Provided material:
________________________
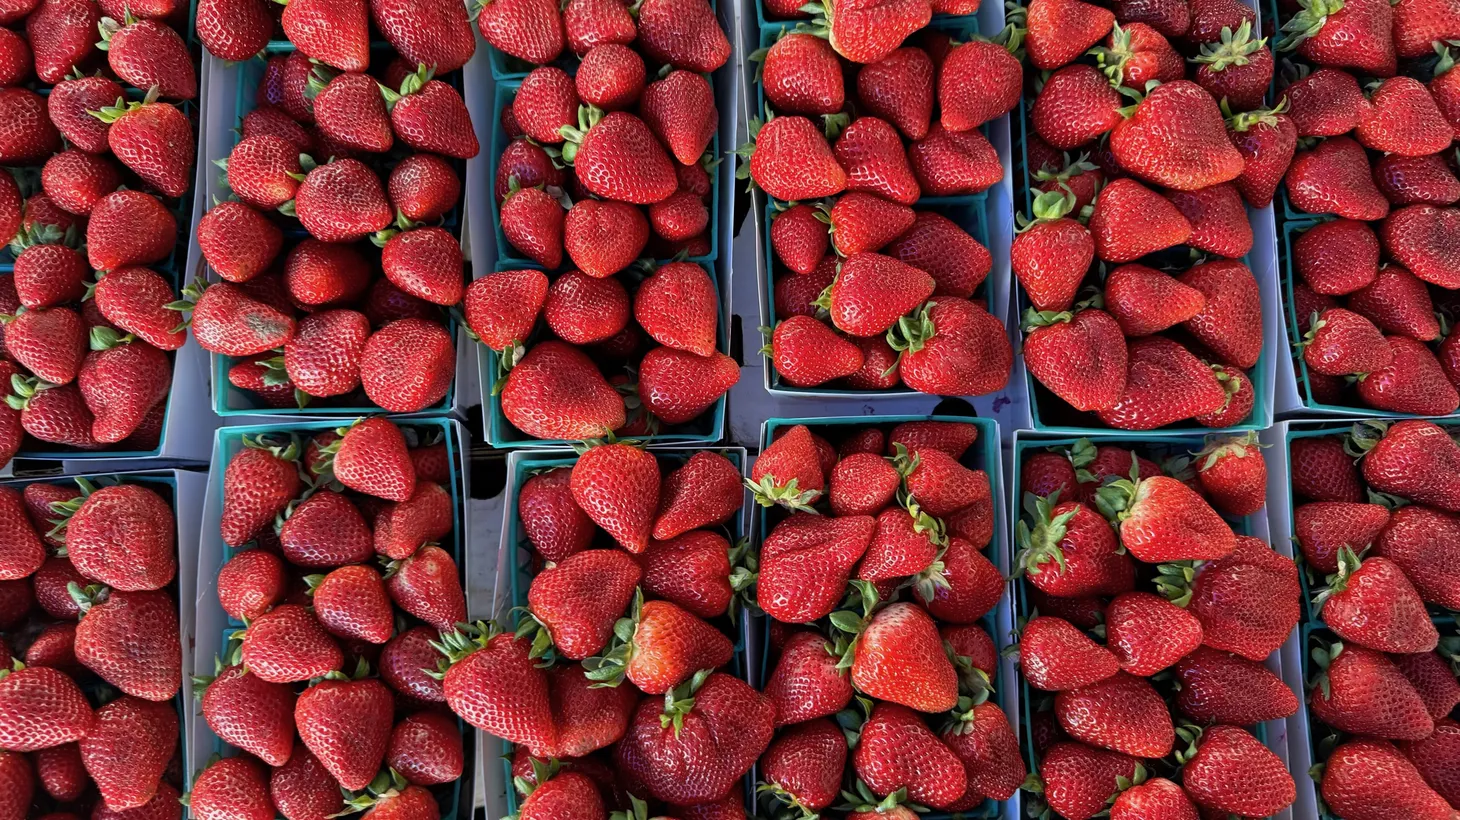 Gaviota strawberries from Tamai Family Farms are available at the farmers market.
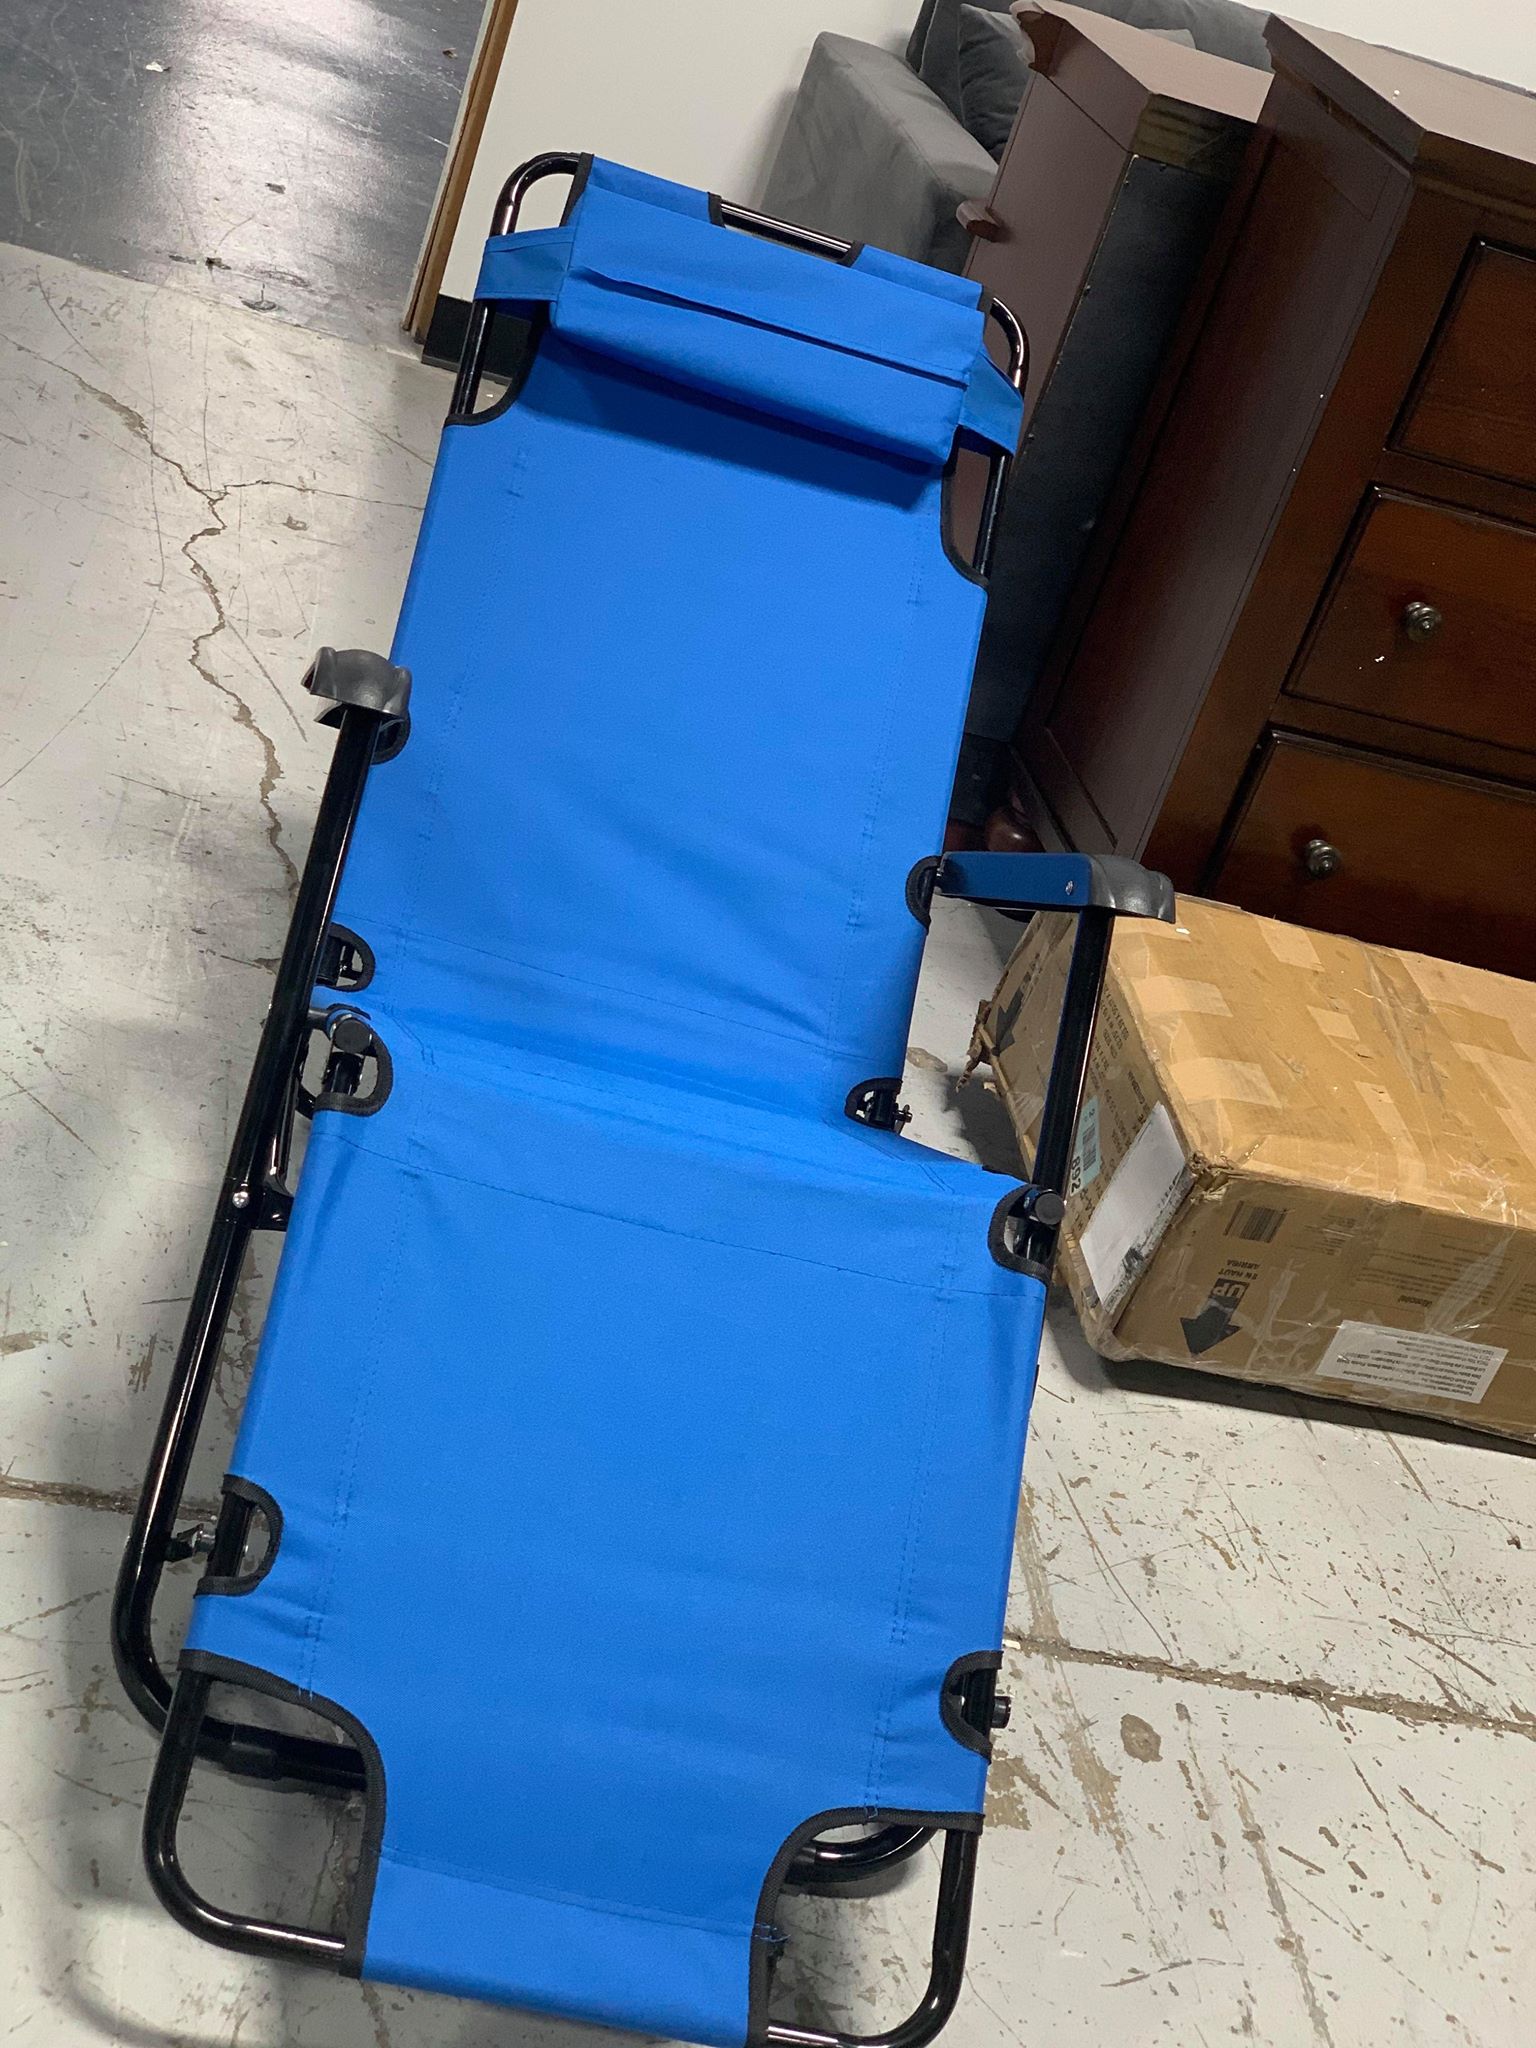 Patio Lounge Chair Folding Cot (Sea Blue) #LX679
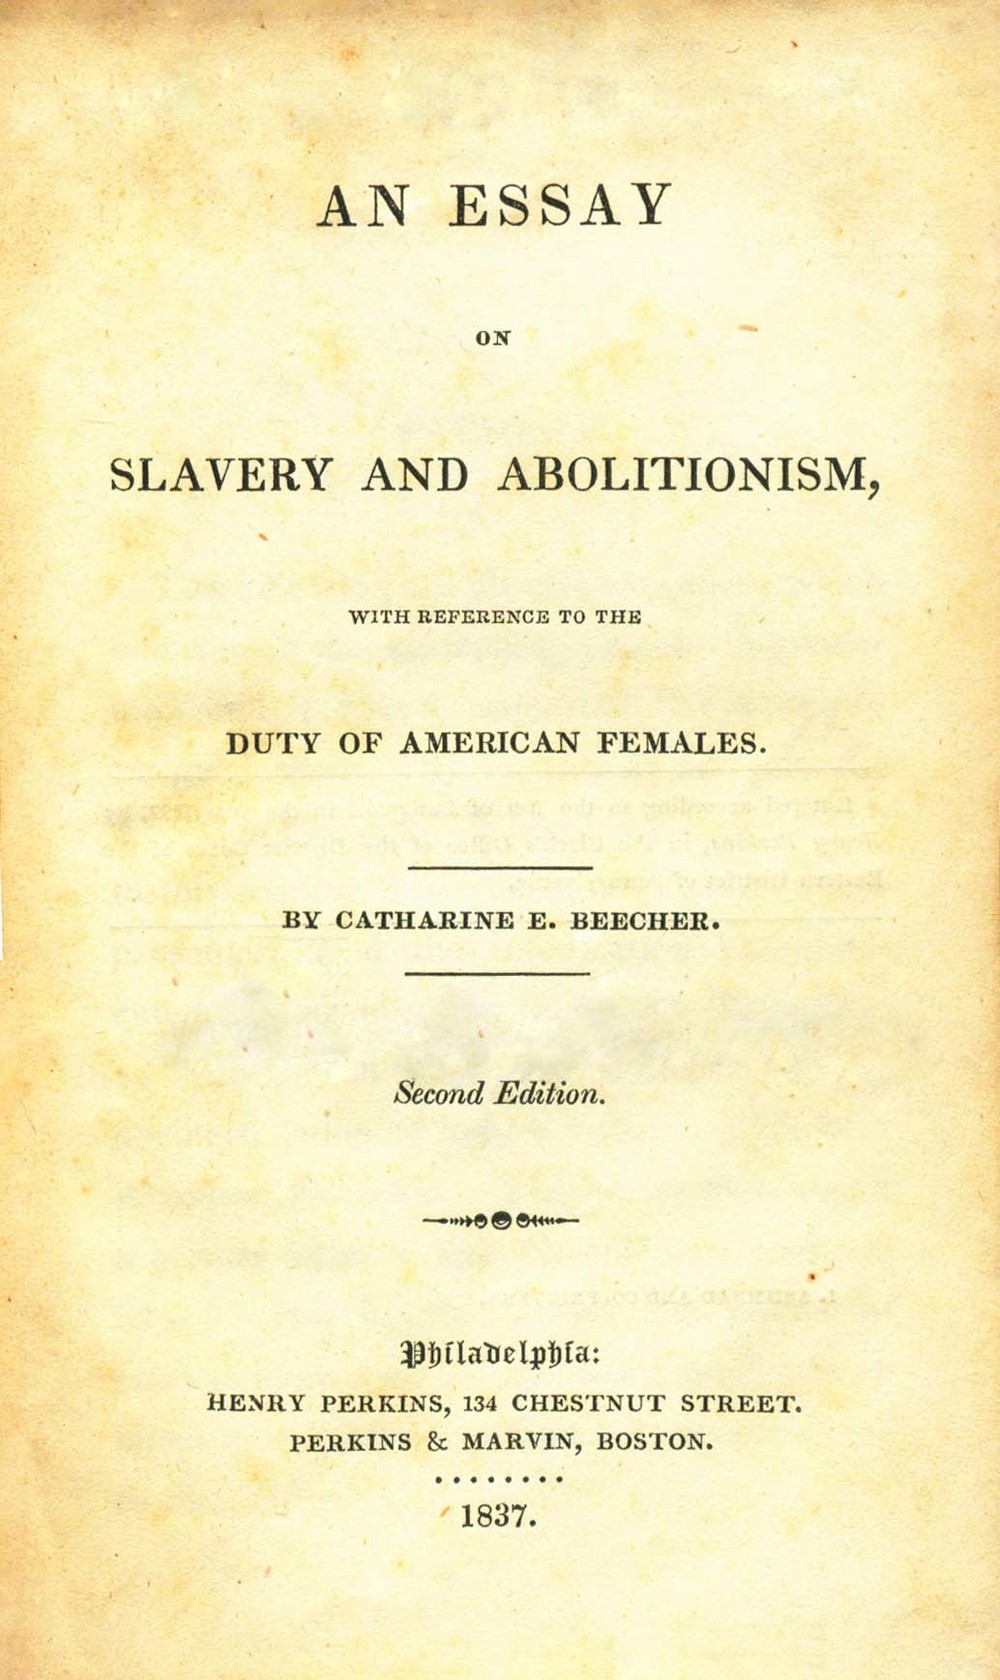 why should slavery be abolished speech
________________________
Leaving the pictures aside, transcribe the entire listing exactly.

Exercise result:
 Gaviota strawberries from Tamai Family Farms are available at the farmers market.
 Patio Lounge Chair Folding Cot (Sea Blue) #LX679
 why should slavery be abolished speech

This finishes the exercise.